■ **What the task asks**:
The whole listing is to be written out again exactly; the pictures are not.

■ **Data block**:
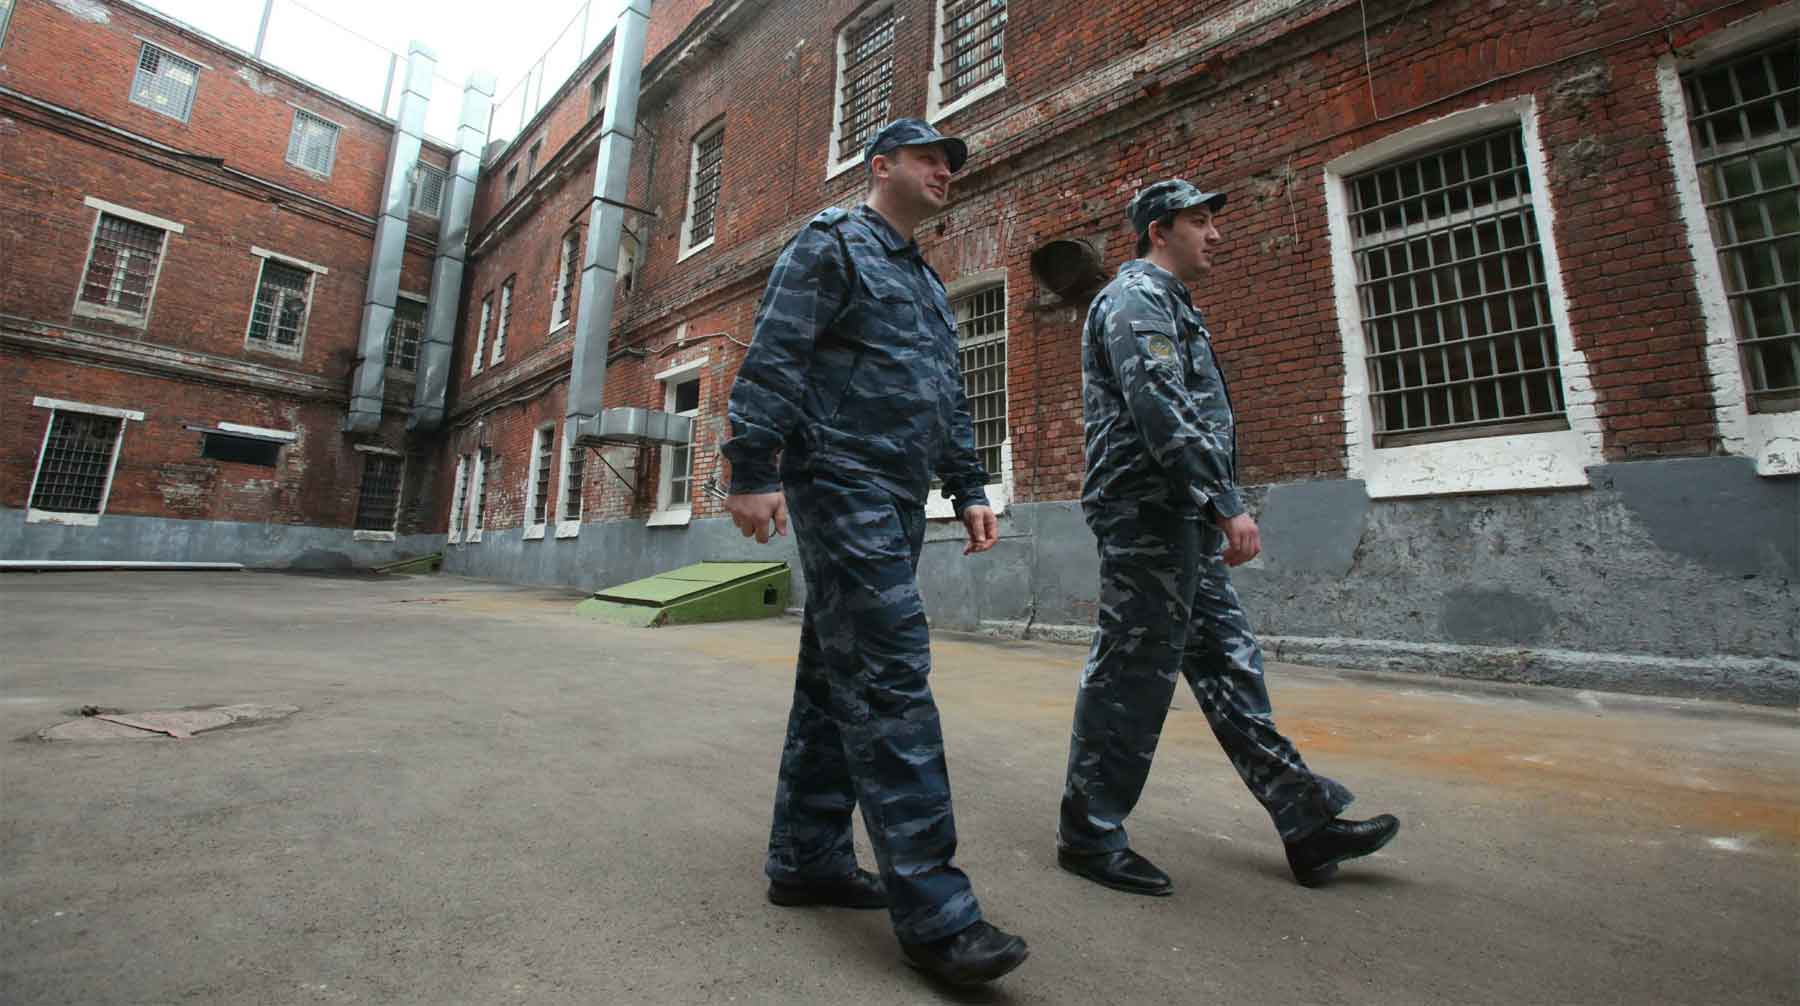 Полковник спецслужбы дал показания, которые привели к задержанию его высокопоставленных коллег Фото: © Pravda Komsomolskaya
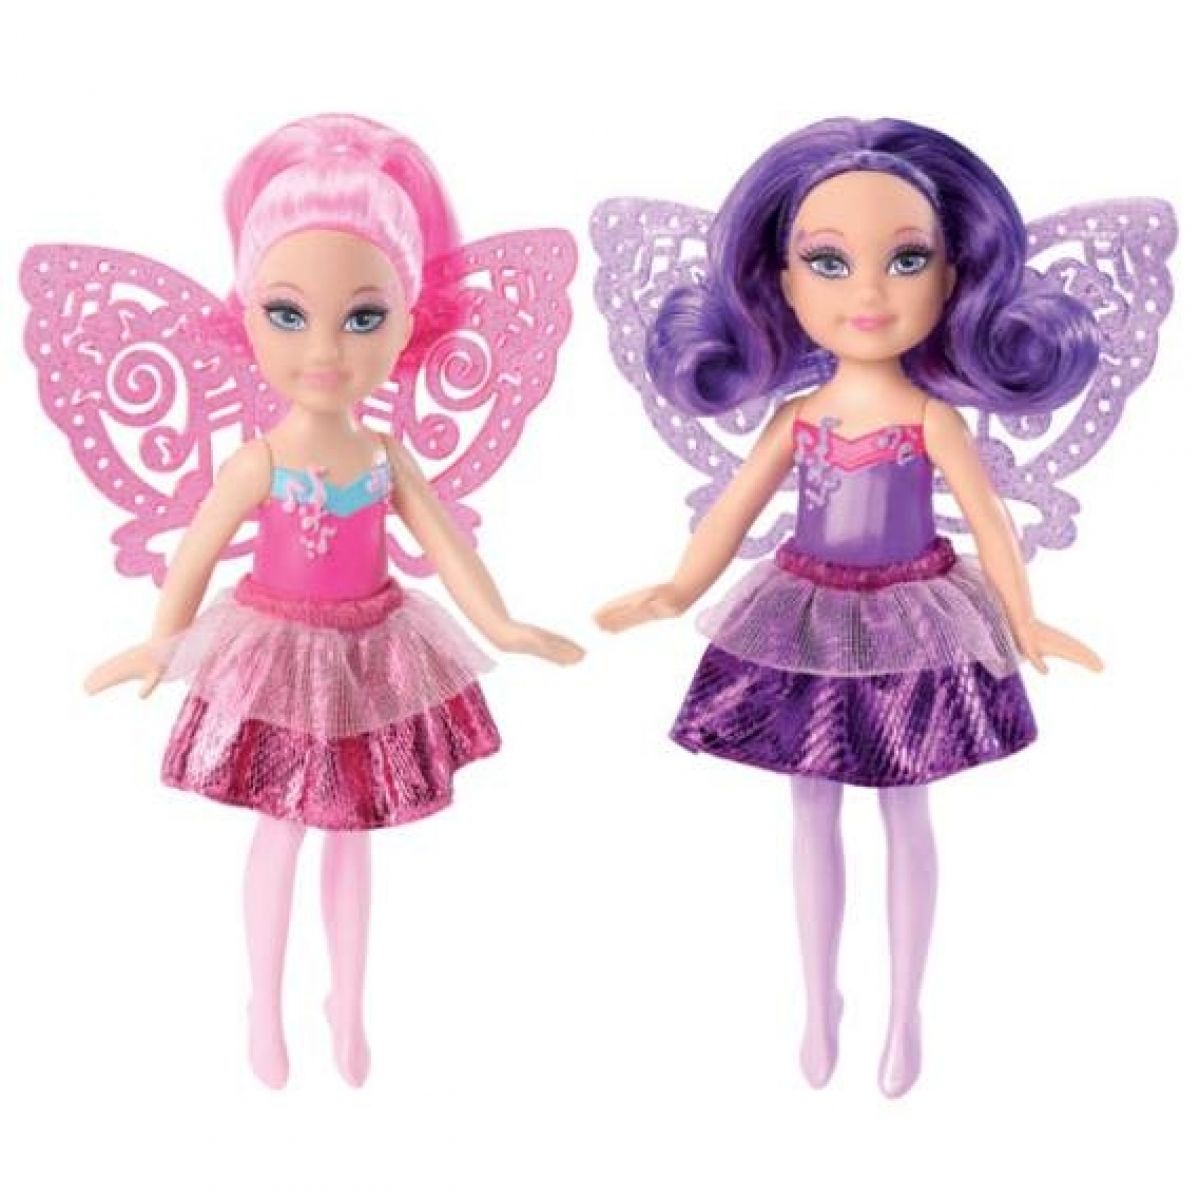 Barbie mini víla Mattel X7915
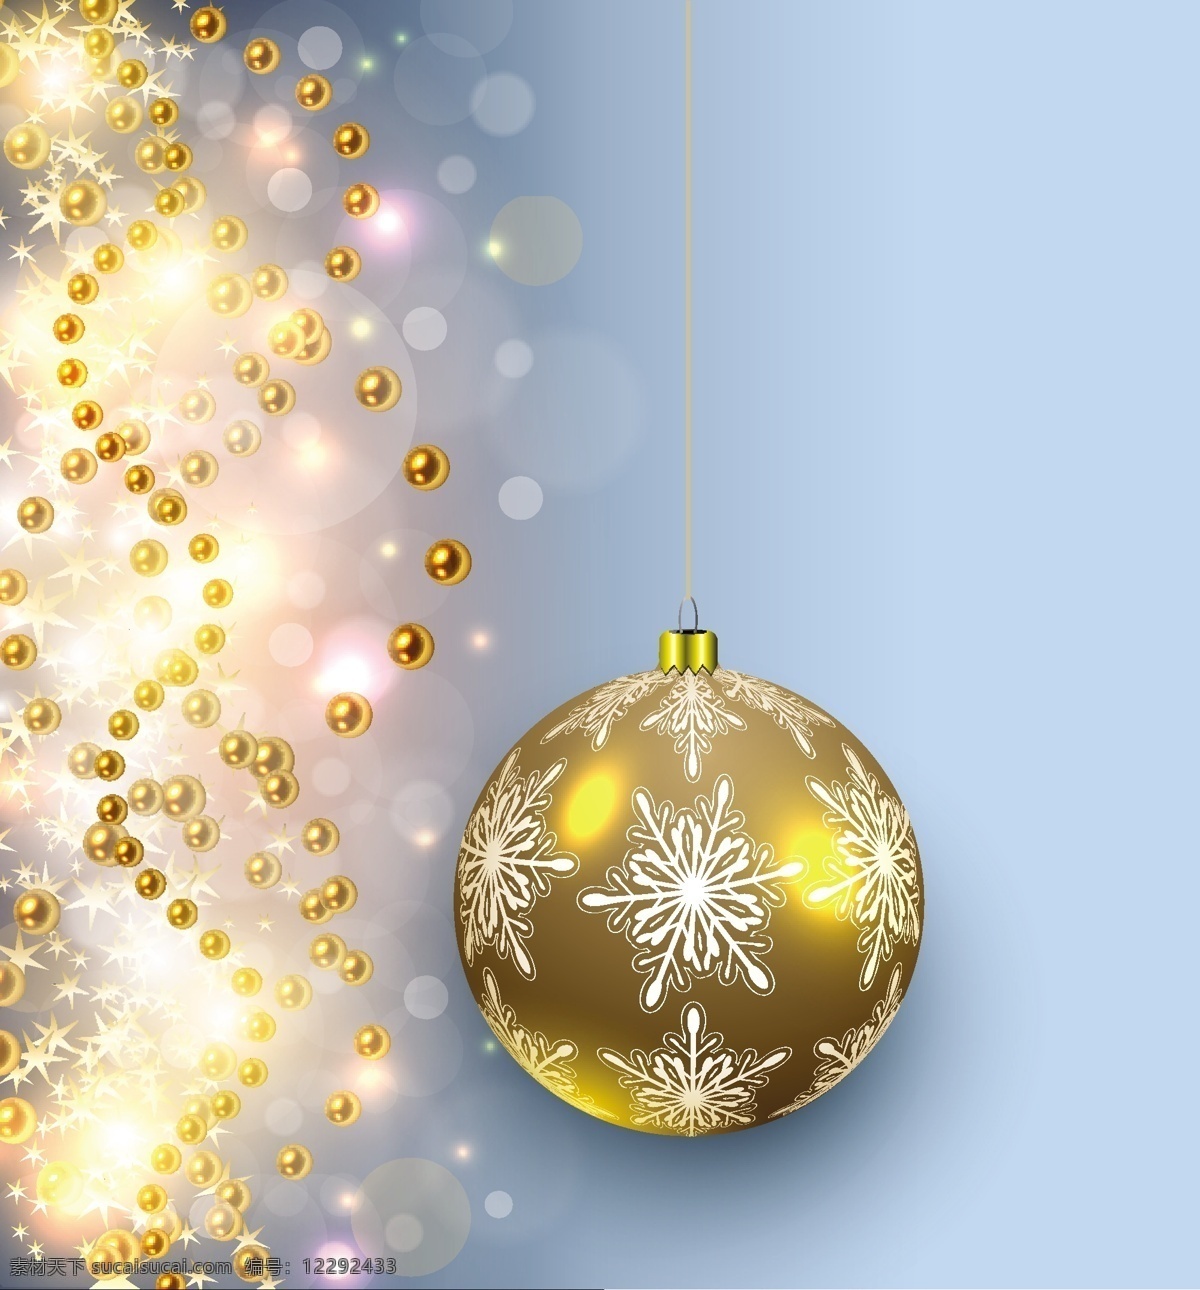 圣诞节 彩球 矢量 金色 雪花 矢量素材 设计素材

■ **Response below**:
 Полковник спецслужбы дал показания, которые привели к задержанию его высокопоставленных коллег Фото: © Pravda Komsomolskaya
 Barbie mini víla Mattel X7915
 圣诞节 彩球 矢量 金色 雪花 矢量素材 设计素材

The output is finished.